Sorry it took so long, but here are the muffins discussed at some length back on February 4th.


Honesty compels me to admit the low-fat version was an accident ( I was melting the butter on the woodstove in another room, and you know what they say about “out of sight…”). But it turns out these muffins are very tasty – maybe even tastier – when the only butter you use is used to grease the cups. Just be warned that that’s tasty, not tender; texture is definitely better when you put the butter in. And muffins made with no added fat get stale a lot faster.

For 12 muffins:

1 cup wheat bran
1 1/3 cups whole milk yogurt
¼ cup butter (optional, see above), plus butter for the pan(s)
1 ¾ cups whole wheat pastry flour
1 ½ tsp. fresh* baking powder
1 ½ tsp. baking soda
½ tsp salt, or a bit more if it’s unsalted butter
2 extra-large eggs
¼ cup lightly piled* brown sugar
¼ cup molasses
3 tbl. wheat germ
¾ cup light or dark raisins or diced dried apricots or any combination thereof.

1. Set oven to 400 degrees.

2. In a small bowl, mix the bran with about half the yogurt. Set aside. In another small bowl, whisk together the flour, baking powder, baking soda and salt.

3. Melt the butter if using. Heavily butter a dozen* 1/3-cup muffin cups.

4. Use the whisk to lightly beat the eggs, then beat in the remaining yogurt, brown sugar, molasses, wheat germ and reserved bran mixture.

5. Switch to a large mixing spoon and quickly stir in the fruit lumps, then the flour mixture. Distribute among the prepared muffin cups, filling them 3/4 to 4/5 full (these don’t rise all that much). Bake until well browned and dry-toothpick producing, about 20 minutes. Cool briefly in the pan before turning out onto a rack or into the breadbasket.

* Fresh Baking Powder: Unless you’re really big for biscuits or belong to Cornbread Nation, it’s quite likely your can of baking powder has been around long enough to lose lifting power. If you have reason to suspect staleness, dissolve a teaspoon or so in a half cup of hot water and watch for vigorous fizzing. Medium fizzing is ok – just use 2 teaspoons. But languid bubbles or none at all mean it’s time for a new can.

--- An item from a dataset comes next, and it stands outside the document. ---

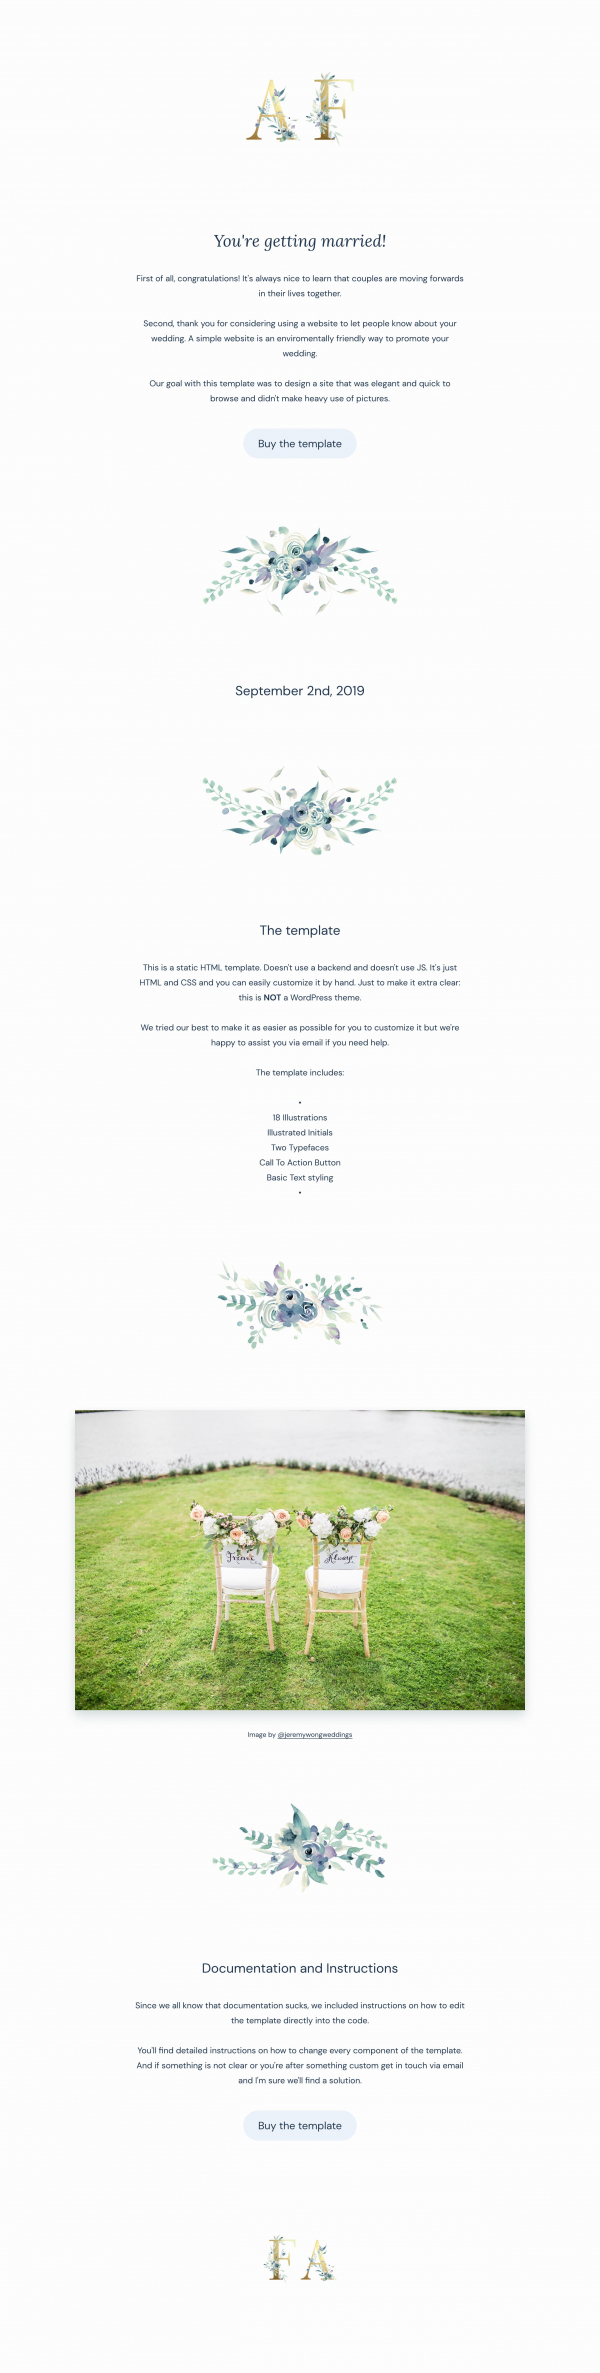 Website Inspiration: Congratulations

*Measuring Brown Sugar: Because brown sugars vary so much in comparative loft, the famous instruction “tightly packed” helps ensure accuracy when you’re measuring by volume. But I can’t bring myself to call for “2 tablespoons plus 2 teaspoons tightly packed brown sugar,” which is about the amount you want. (In theory, tight packing also smooths lumps. In theory. )

* Muffin Cups: Hold quite different amounts, so it pays to measure. It also pays to use two 6-cup pans instead of one that holds a dozen. The 2 in the middle of a 12 cupper don’t get as much heat as those on the outside, so they tend to rise less and cook less quickly.